Наскоро поев, Сикорский сказал:

- Ну, теперь садитесь, и я вам объясню, как делается разбивка моста и

даются обрезы свай, потому что завтра, чтобы поспеть везде, мы поедем с вами

в разные стороны. Берите себе на завтра короткий хвост дистанции к Бендерам,

а я поеду в другую сторону.

Село Заим было расположено так, что до конца дистанции в сторону Бендер

было пять верст, тогда как в сторону Галаца было двадцать пять.

- А теперь спать, чтобы завтра в четыре часа уже выезжать нам.

В четыре часа на другой день, в то время, как Сикорский на своей тройке

поехал вправо, Карташев, сам правя, выехал на своей тележке, запряженной

Машкой. В тележке лежали нивелир, рейки, угловой инструмент, эккер, лента,

цепь и рулетка, топор, колья и вешки, лежал и узелок с хлебом и холодным

куском мяса, а через плечо была надета фляжка с холодным чаем.

Начинавшееся утро после вчерашних дождя и бури было свежо и ароматно.

На небе ни одной тучки. На востоке едва розовела полоска света. Этот восток

был все время пред глазами Карташева, и он наблюдал, как полоска эта все

более и более алела, совсем покраснела, пока из-за нее не показался кусок

солнца. Оно быстро поднялось над полоской, стало большим, круглым, без

лучей, и точно остановилось на мгновение. Еще поднялось солнце, и сверкнули

первые лучи, и заиграли разноцветными огнями на траве капли вчерашнего

дождя. И звонко полились откуда-то с высоты песни жаворонка, закричала

чайка, крякнули утки на болоте вправо. И еще ароматнее стал согретый воздух.

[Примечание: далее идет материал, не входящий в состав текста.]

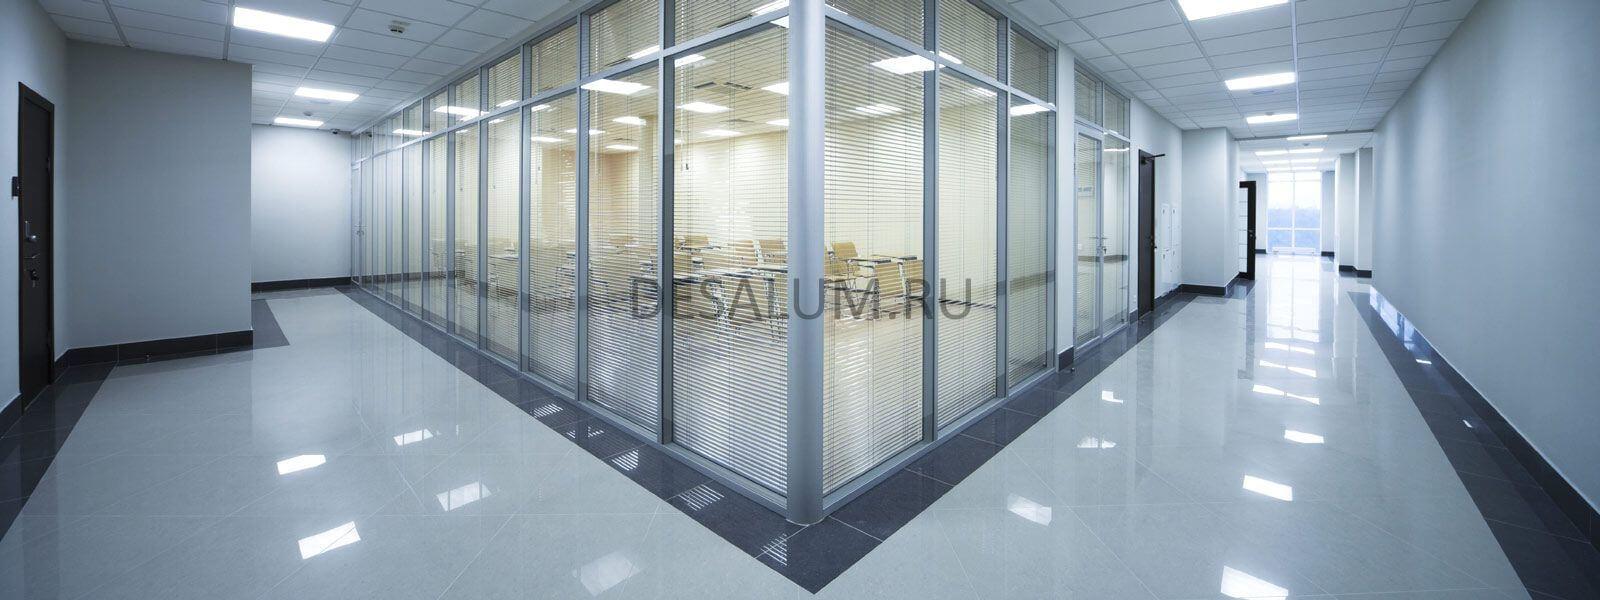 пластиковые перегородки с дверью desalum

Карташев вдыхал в себя его аромат и наслаждался ясной и радостной тишиной

утра.

В двух местах уже ждали плотники у сваленных бревен, спешно собирая

копер. Карташев остановился, вынул профиль, нашел на ней соответственное

место и начал разбивку.

- Ну, господи благослови, в добрый час! - тряхнул кудрями плотный

десятник подрядчика, сняв шапку и перекрестясь.

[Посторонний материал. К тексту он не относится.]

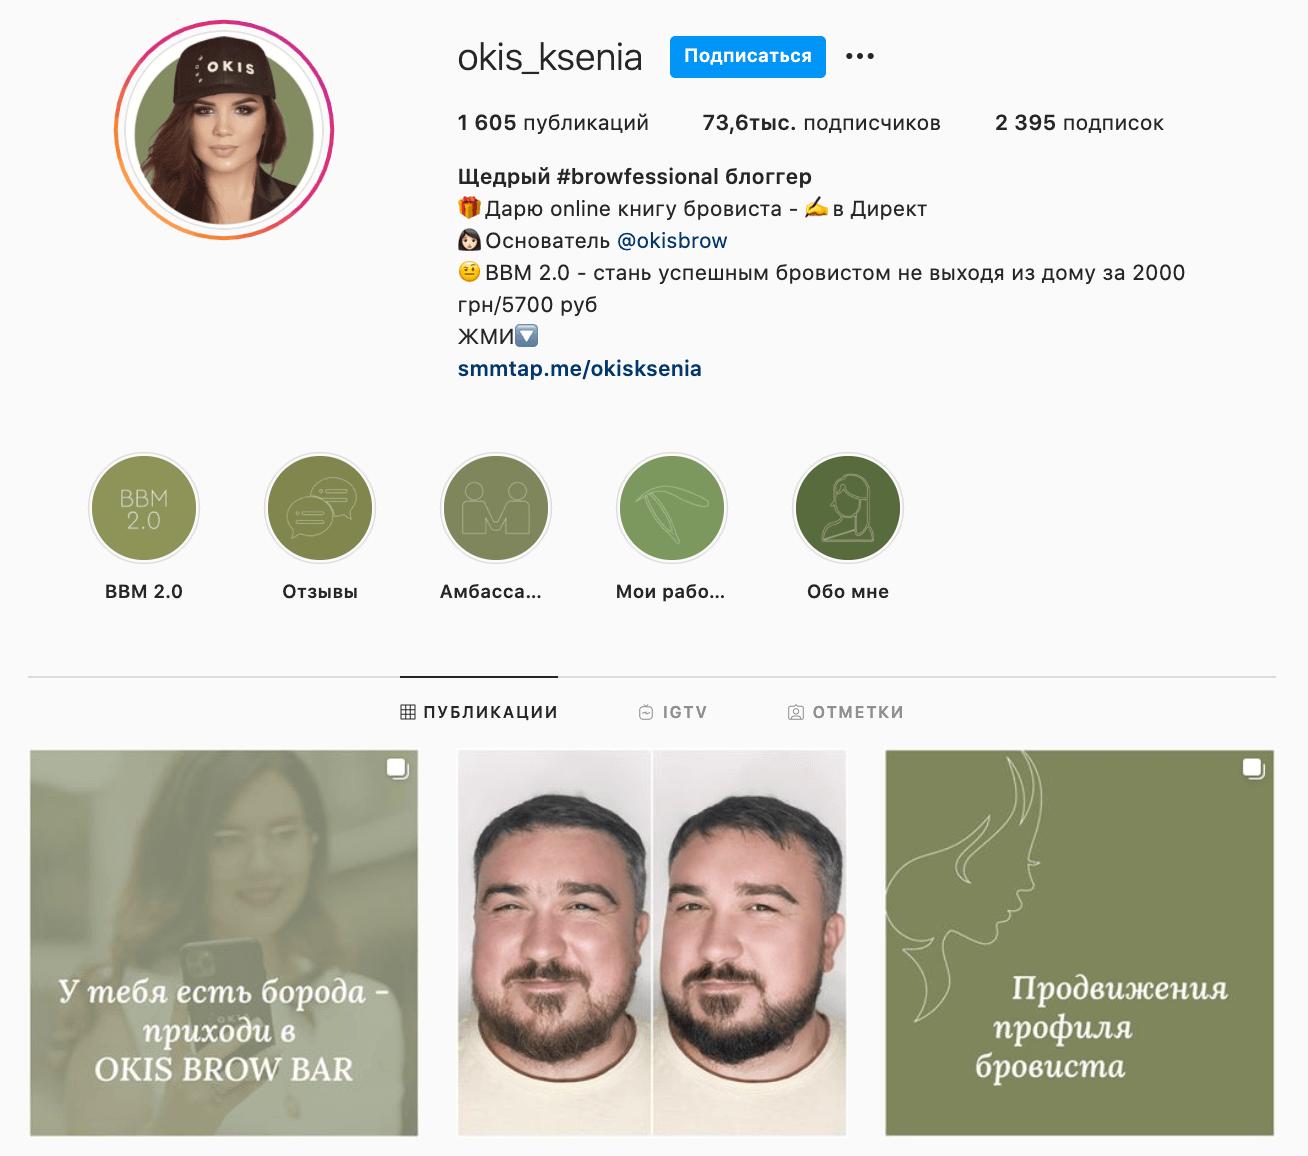 Пример удачного оформления профиля

Когда Карташев уже приказал забивать первый кол, он кашлянул осторожно.

- Не лучше ли будет, начальник, в ту низинку перенести мост, - воде

будто вольготнее будет бежать туда - вниз, значит.

Карташев покраснел, некоторое время внимательно смотрел, стараясь

определить на глаз, какое место ниже, и, вспомнив о нивелире, решил

воспользоваться им.

Десятник оказался прав, и мост был перенесен на указанное им место.

Окончив разбивку, Карташев с десятником проехал на самый конец

дистанции и разбил и там мост.

По окончании десятник сказал:

- На тот случай, если потом вам недосуг будет, быть может, сейчас и

обрез дадите?

- Как же, когда сваи еще не забиты?..

- По колышку, а когда забьем, я проватерпашу.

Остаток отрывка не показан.